# Considering Rescue with Overgrown Nails



## klj41723 (Nov 10, 2008)

How are severely overgrown nails usually handled? The dog I am considering rescuing is older and his feet splay out on the ground because of his nails. Are the nails just cut short all at one time or must you clip, clip, clip over several months? He also has some hip issues so he puts most of his weight on his front and I think if I could get his nails cut, it would help him out some.

Any info would be greatly appreciated.


----------



## pugmom (Sep 10, 2008)

is he already neutered?.....if not maybe while he is under they could cut them back to normal length?


----------



## LeRoymydog (Feb 25, 2007)

My first EB had nails like that. You have to slowly trim away. I trimmed Max's nails once a week. The quick grows with the nail. The longer the nail, the longer the quick. Max ended up with arthritis really bad in his shoulder cuz of his nails.

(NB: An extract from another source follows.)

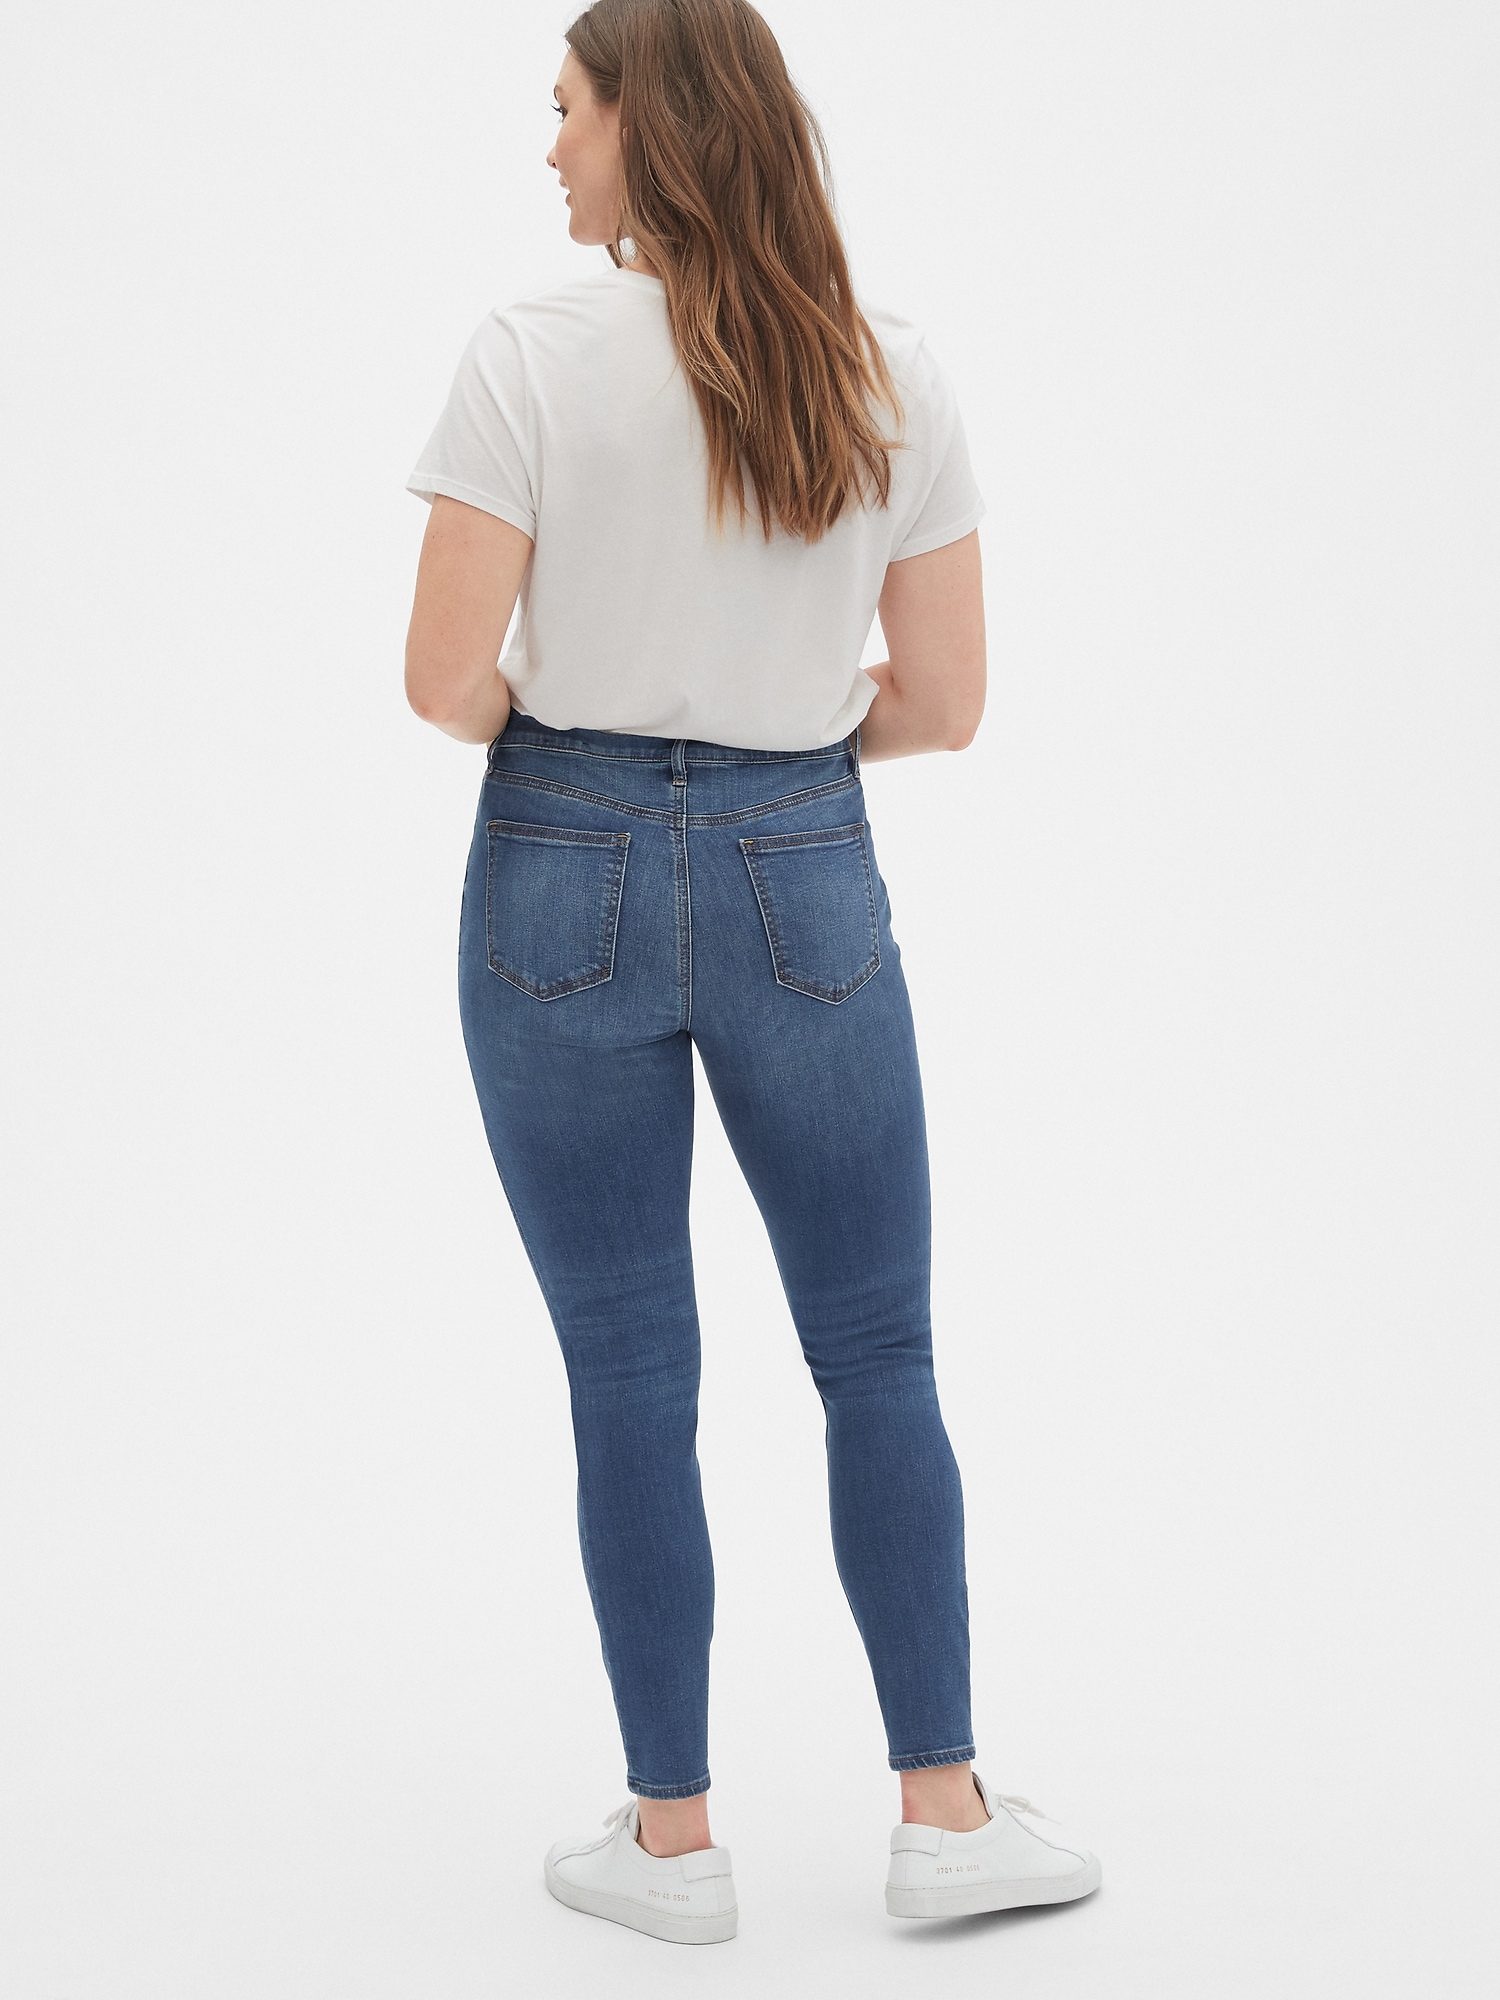 Women`s New Ex-GAP Mid Rise Skinny Jeans Sizes 6-8-10-12-14-16-18-20-22-24 
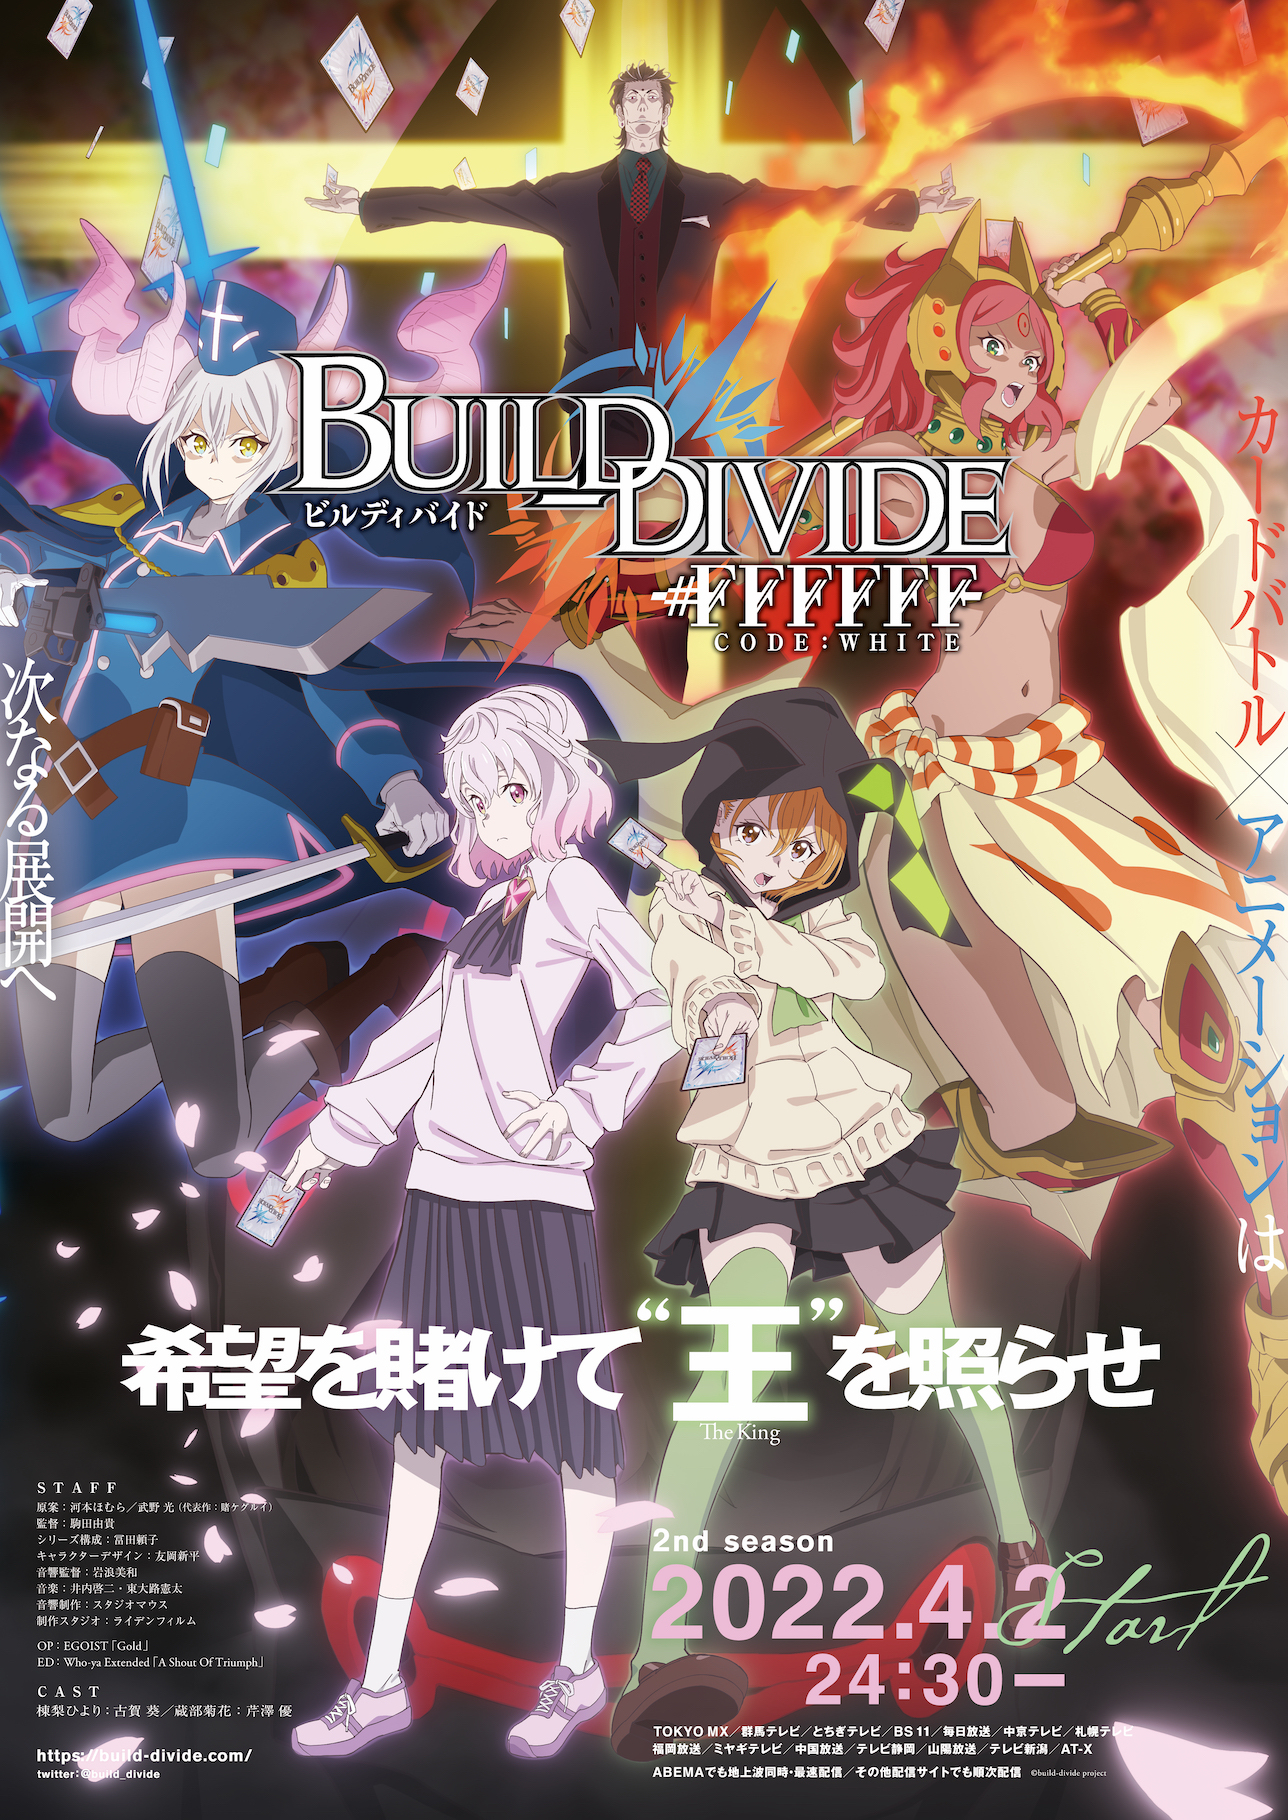 TVアニメ『ビルディバイド -#FFFFFF-』 （C）build-divide project

When he passed his nails still didn't look good, but they looked alot better than when I got him. That was 2 1/2 years later.


----------



## briteday (Feb 10, 2007)

The dog can be put under anesthesia to have his nails clipped to the proper length and meds will be given for the pain. So if he hasn't been neutered yet that's a perfect time.


----------



## Patt (Feb 12, 2008)

Thank you for considering an older rescue, they need love too! 

I agree with the advice given. Although when you take him in for a well check exam, ask your vet his recommendations. If he's not agreeable to clipping, possibly a tranquilizer would help relax him. 

Good luck and let us know how he is doing.


----------